И я вспоминала... Да! В шахматы мы играли часто. Я, маленькая девочка, делитантка, и он, взрослый, могучий, опытный мужчина, разбиравший партии Карпова и Корчного, каждый день играющий в обеденный перерыв с сотрудниками на время. Мы играли в шахматы старательно, хотя в этой игре было всё заранее предопределено.
Он выигрывает – я проигрываю, и, проигрывая, говорю: «Начнём сначала?» А он отвечает: «Начнём. Во сколько ходов поставить тебе мат?» «А во сколько хотите?» – беспечно отвечаю я... В комнату входит мама, зовёт кушать. Увы! Она лишняя... Мы играем партию за партией, не думая о еде.
- Лучше проиграть сильному врагу, чем выиграть у слабого. По крайней мере, научиться можно чему-нибудь, - наконец говорит он с торжеством победителя, захлопывая коробочку с шахматами, и впервые думаю, как же он глуп, глуп именно оттого, что выиграл.
Через несколько лет мой муж, кандидат наук, преподаватель ВУЗа, будет проигрывать мне партию за партией, а я буду думать, что он не дурак, так как умеет проигрывать систематически и тем самым, мне, дурочке, давать возможность представить себя умной, гениальной, великой, этакой Майей Чебурданидзе... И я буду любить его за глупость или за высший пилотаж ума, когда умный мужчина может показаться полным идиотом, абсолютным дебилом и очаровать этим свою женщину... Я проигрывала Колюське и начинала играть снова, зная, что когда-нибудь я возьму реванш.
- За что ты его добрым словом вспомнить не хочешь? – донёсся издалека голос матери. – В походы сколько ходили. Помнишь?
И я вспоминала... О, да! Я вспомнила один наш поход. И содрогнулась...
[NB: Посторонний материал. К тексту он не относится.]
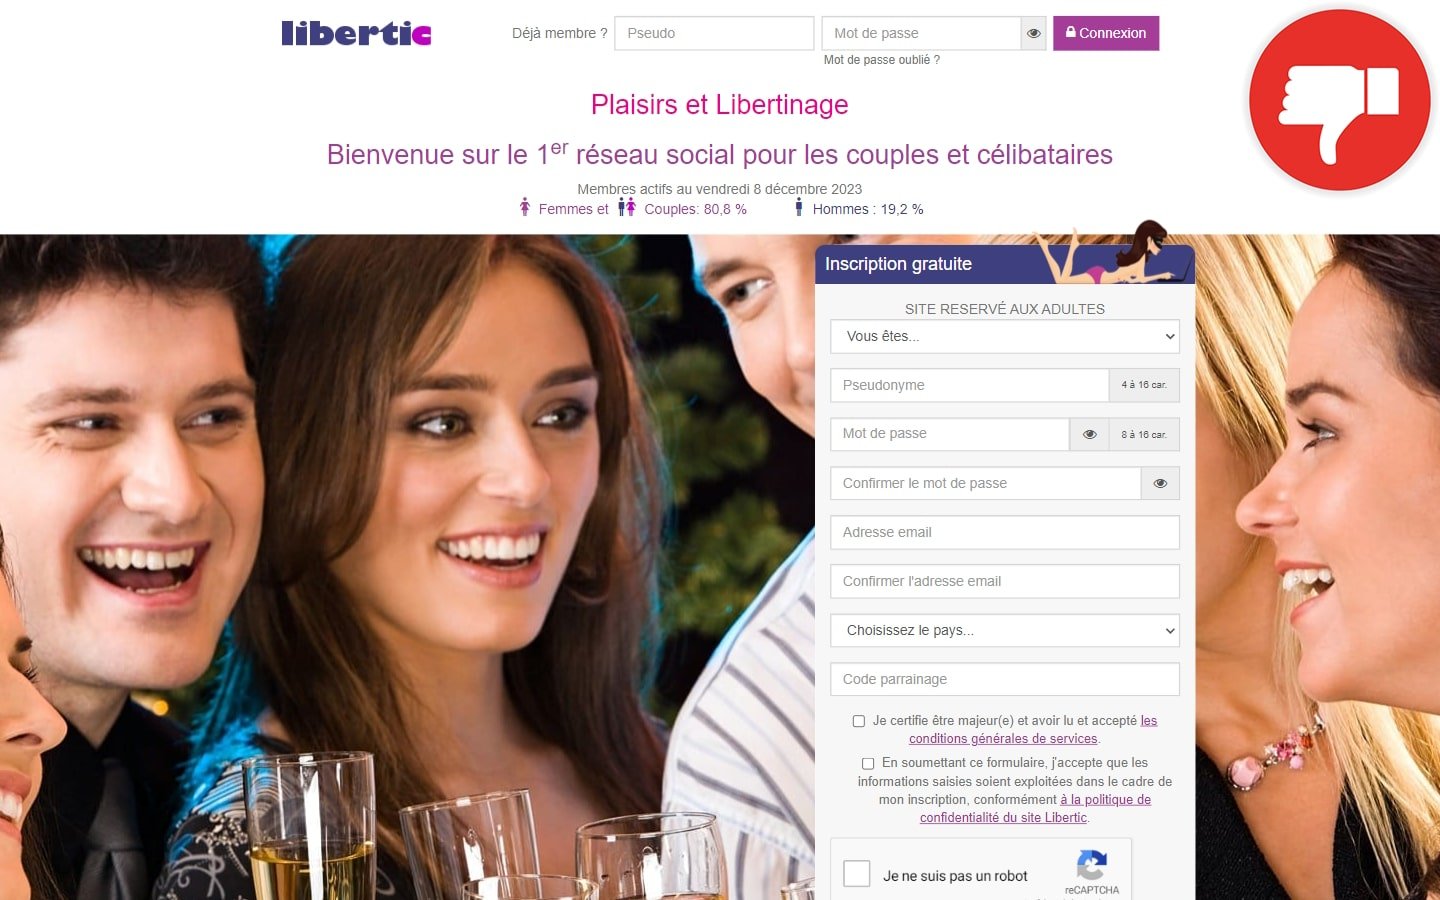 Libertic.com
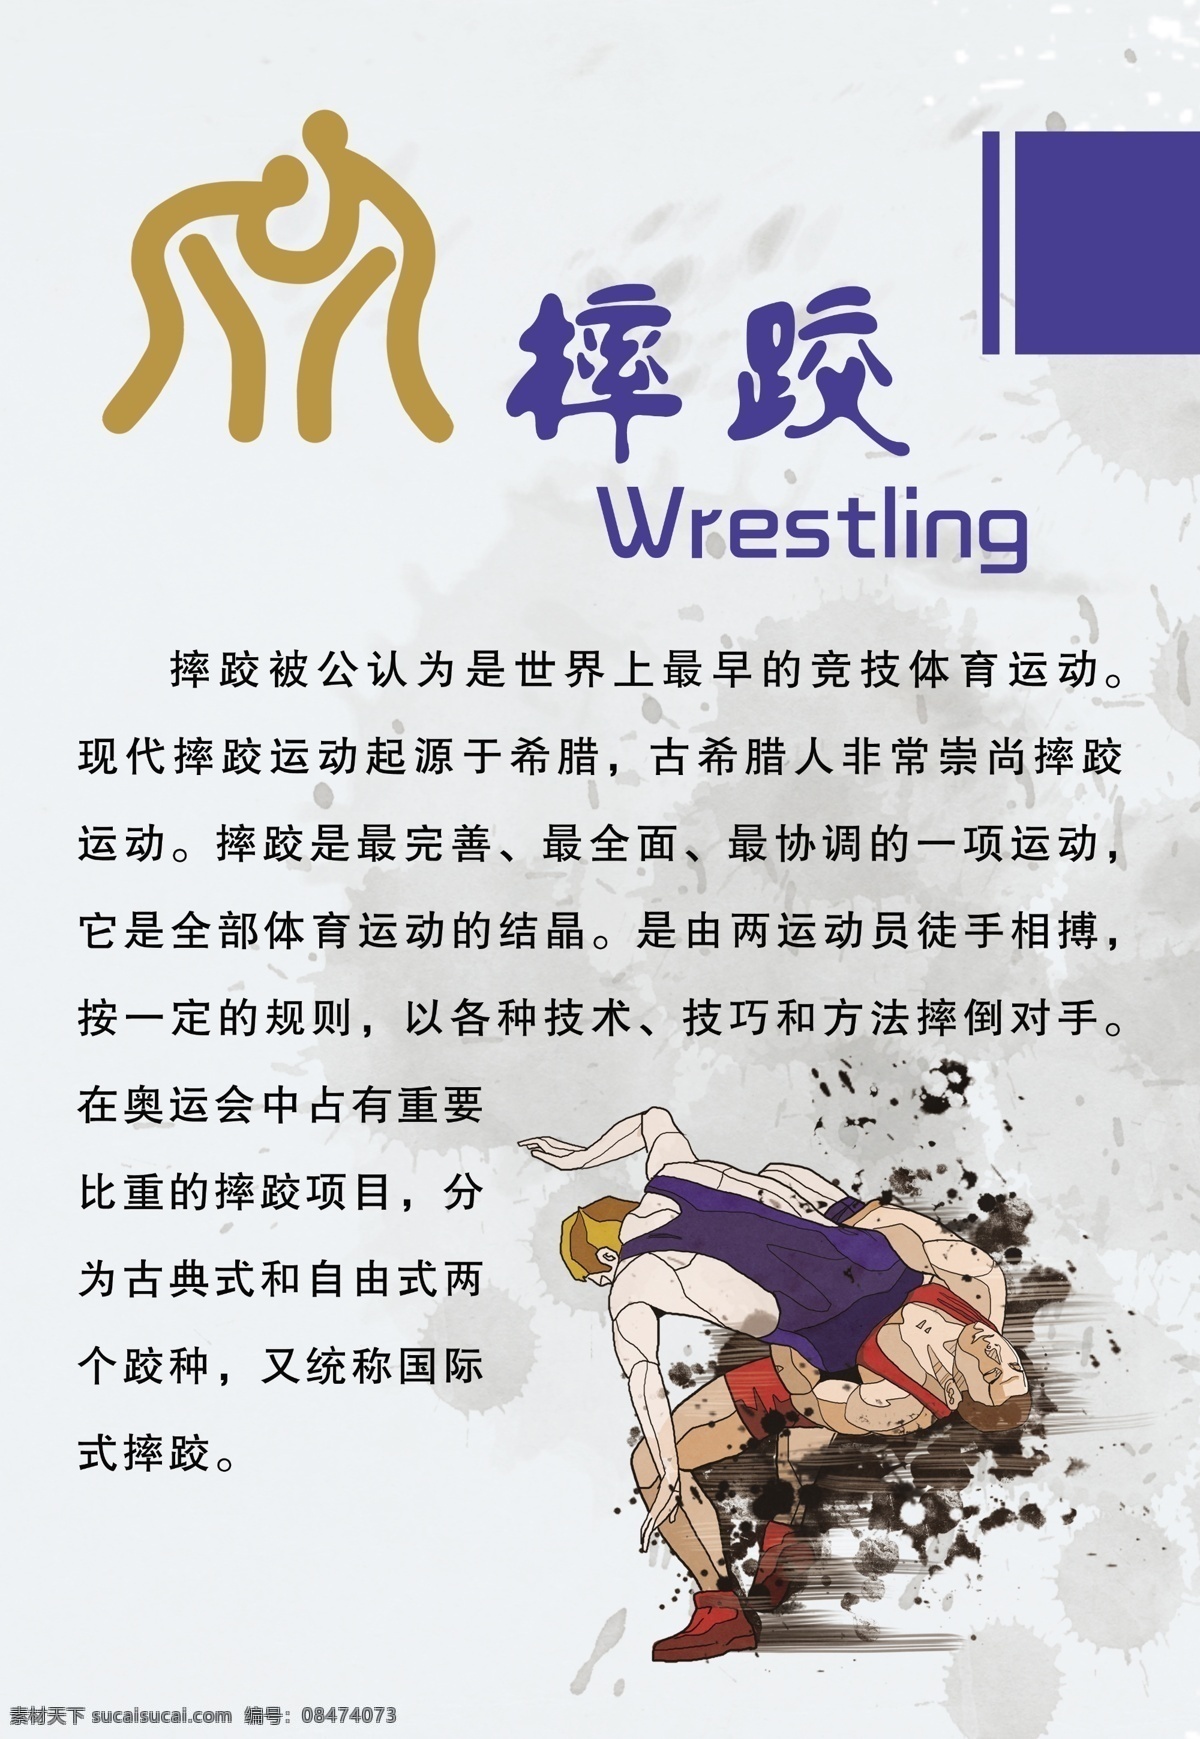 摔跤 wrestling 竞技体育运动 古典式 自由式 国际式 常永祥 分层 源文件

В то лето особенно роскошно расцвела природа. Могучие столетние дубы протягивали ветви-руки звенящим, стройным, юным, только испускающим  жизнь берёзкам. Солнце нежно ласкало и шершавую кору старых деревьев, и нежную, тоненькую кожицу молодых. В вышине звучало пение птиц, а внизу, в медвяных травах и цветах слышалось стрекотанье кузнечиков, жужжание махровых шмелей, шуршание случайно пробегавшей ящерицы. В воздухе было разлито густое, медовое тепло, от голубой реки шёл молочно-белый пар, песок искрился золотинками. Золотинками отливали на солнце и мои распущенные волосы. Золотые бесенята прыгали в смеющихся карих глазах. В то лето я перешла в девятый класс. Всё удавалось мне удивительно легко. В походе я смеялась, сама готовила ужин на костре, сама удила рыбу и кормила ею пушистого кота Мурлыкина, который сидел рядом на бережку и смотрел на закинутые в реку удочки лукавыми, сощуренными глазами плута, на серебристые колокольчики, висящие на тоненьких лесках вместо обычных поплавков. Это был удивительно умный сибирский кот. Он всякий раз безошибочно находил удочку, на крючок которой попадался лещ.
Звенел колокольчик, взлетала вверх леска, жирный блестящий серебряной кольчугой лещ шлёпался на пыльную сухую траву, обдавая её брызгами, бился на зелёной зоне чужого ему мира. Мне было почему-то жалко леща, и как-то долго стояли перед глазами его выпученные рыбьи глаза.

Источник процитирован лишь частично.